LONDON/NEW YORK (Reuters) - Two JPMorgan Chase & Co (JPM.N) employees, including a top metals trading executive, have been placed on leave in response to a U.S. criminal investigation into the bank’s metals trading practices, according to a source familiar with the matter.
Michael Nowak and Gregg Smith are on leave, the source said on Thursday, making them the third and fourth JPMorgan employees to be connected to the criminal investigation that has resulted in guilty pleas from two former JPMorgan metals traders.
Nowak is a managing director and global head of base and precious metals trading in New York for the bank, according to his LinkedIn profile. Smith’s title could not be learned.
Nowak was placed on leave around late August, the source said.
Neither Nowak nor Smith have been charged with a crime.
Attorneys for Nowak did not respond to a request for comment. A call to Smith’s number at the bank was answered by an employee at the metals desk who directed questions to the bank’s public relations department. Reuters could not learn the identity of his lawyer.
A spokesman for the Department of Justice declined to comment.
JPMorgan, one of the largest gold trading banks in the world, said in an August regulatory filing it is “responding to and cooperating with” investigations by various authorities, including the Department of Justice, relating to trading practices in the metals markets.
Spoofing involves placing bids to buy or offers to sell contracts with the intent to cancel them before execution. By creating an illusion of demand, spoofers can influence prices to benefit their market positions.
There has been a surge in spoofing-related prosecutions in recent years. Bank of America Corp’s (BAC.N) Merrill Lynch commodities unit, for example, paid $25 million in July to resolve actions by the U.S. Commodities Futures Trading Commission and Department of Justice for precious metals spoofing trades between 2008 and 2014.
The Department of Justice already secured guilty pleas from two former JPMorgan metals traders, Christiaan Trunz and John Edmonds. The announcement of their pleas, in August 2019 and October 2018, respectively, indicated that they had collaborated on spoofing with their supervisors, who were not named.
Trunz placed “thousands” of orders he did not plan to execute for gold, silver, platinum and palladium futures contracts between 2007 and 2016, and had learned to spoof from more senior traders, the Department of Justice said in August, adding that he was cooperating with “the ongoing investigation.”

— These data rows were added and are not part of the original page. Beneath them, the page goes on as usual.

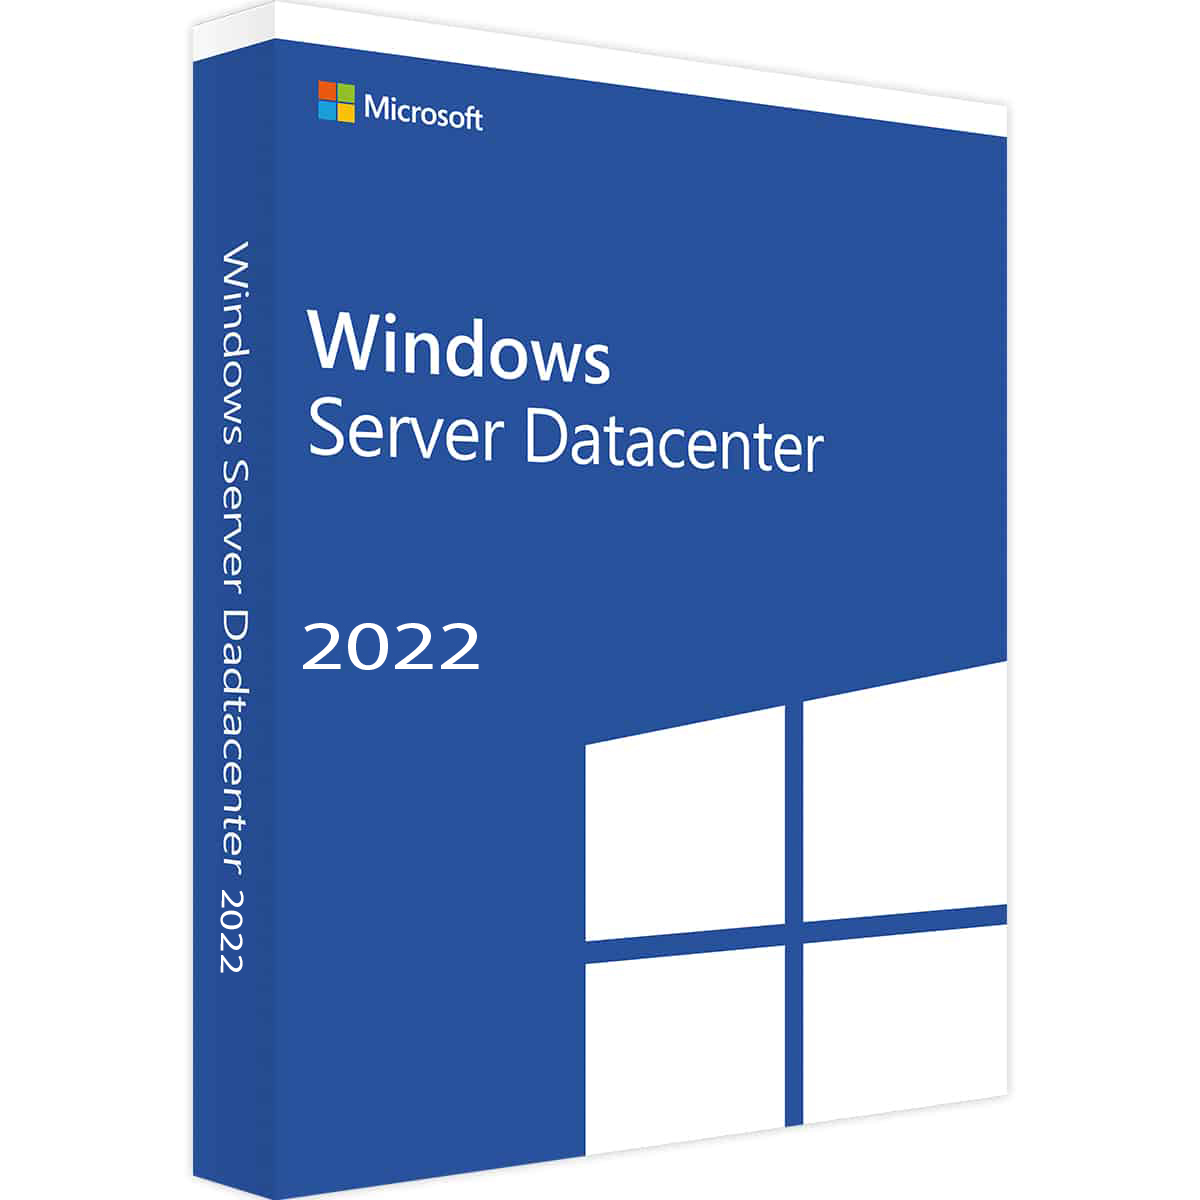 windows server 2022 datacenter download
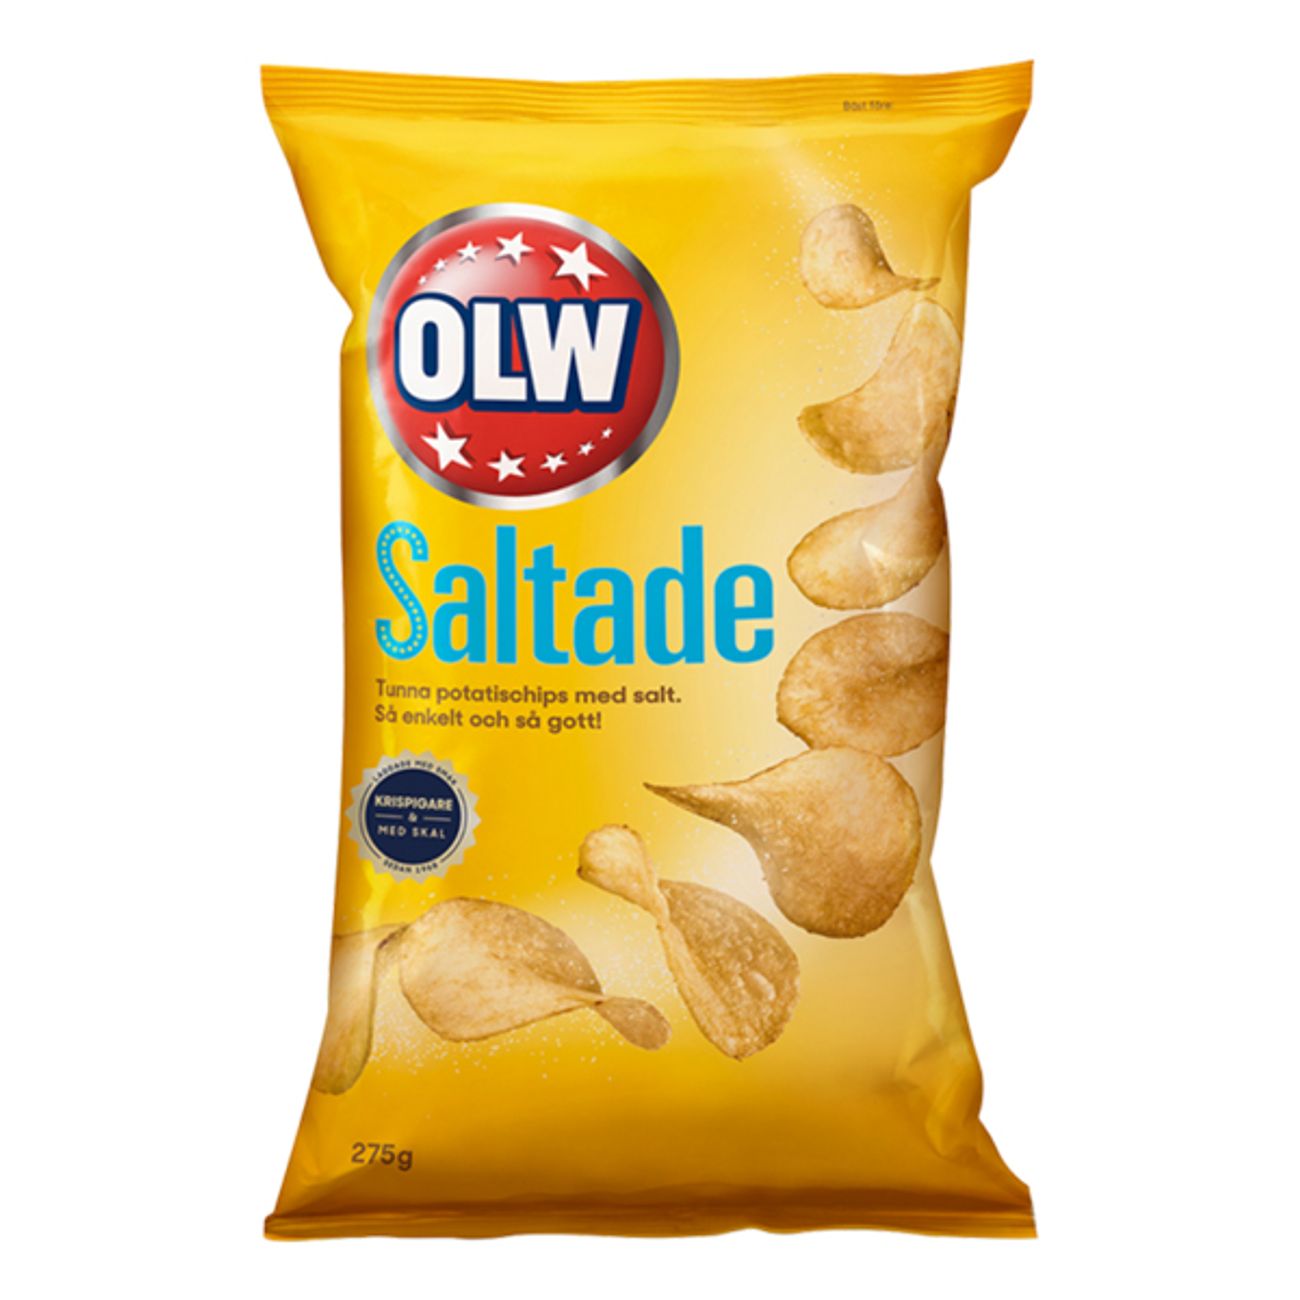 olw-saltade-chips2-2
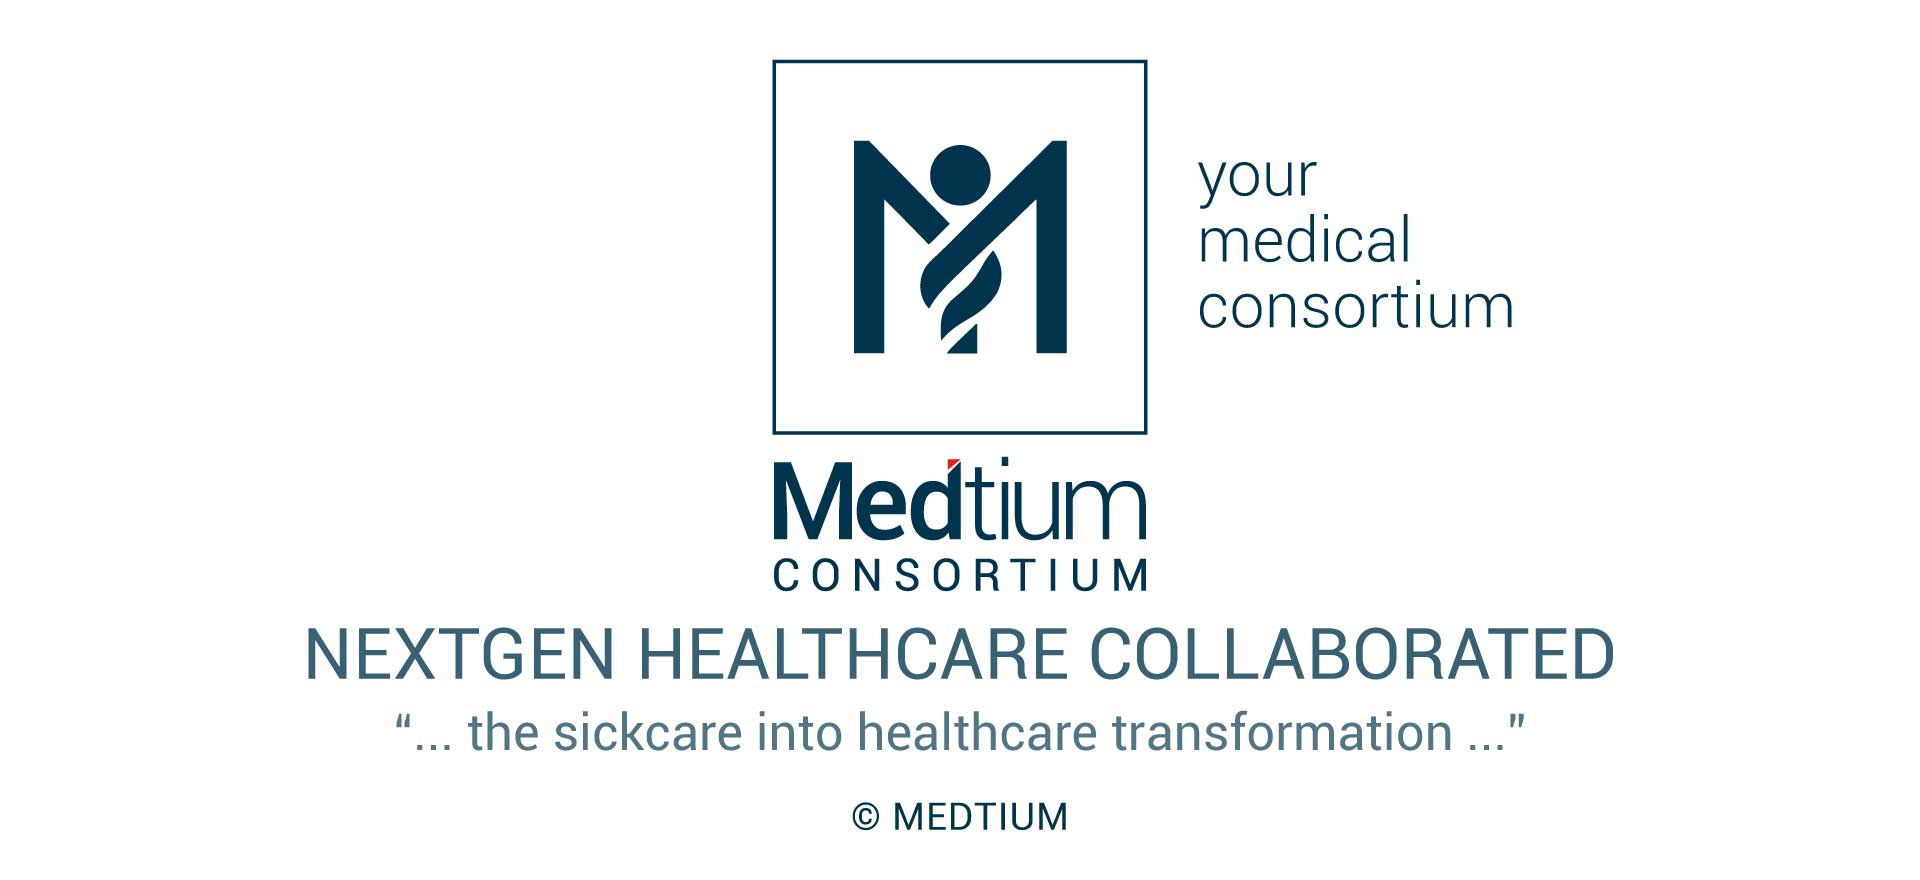 Medtium Consortium

Nowak and another former JPMorgan trader, Robert Gottlieb, are named as defendants in at least one other civil suit related to metals spoofing at JPMorgan. A December 2018 class action complaint, for example, said that Edmonds, Nowak, Gottlieb and others made hundreds of spoof orders or more as “part of a conspiracy” with the bank and other internal traders.
An attorney for Gottlieb did not respond to a request for comment. Koch Industries Inc, Gottlieb’s last known employer, did not immediately respond to a request for comment.
JPMorgan has also been sued separately by a group of investors, who said they lost money as a result of the bank spoofing its trades. In one of the lawsuits brought against the bank by Daniel Shak, a metals trader, Shak estimated he suffered immediate losses of around $25 million after he was forced to liquidate his position as a result of JPMorgan’s market manipulation, a court document showed.
The civil suits against JPMorgan have been stayed pending the Department of Justice probe.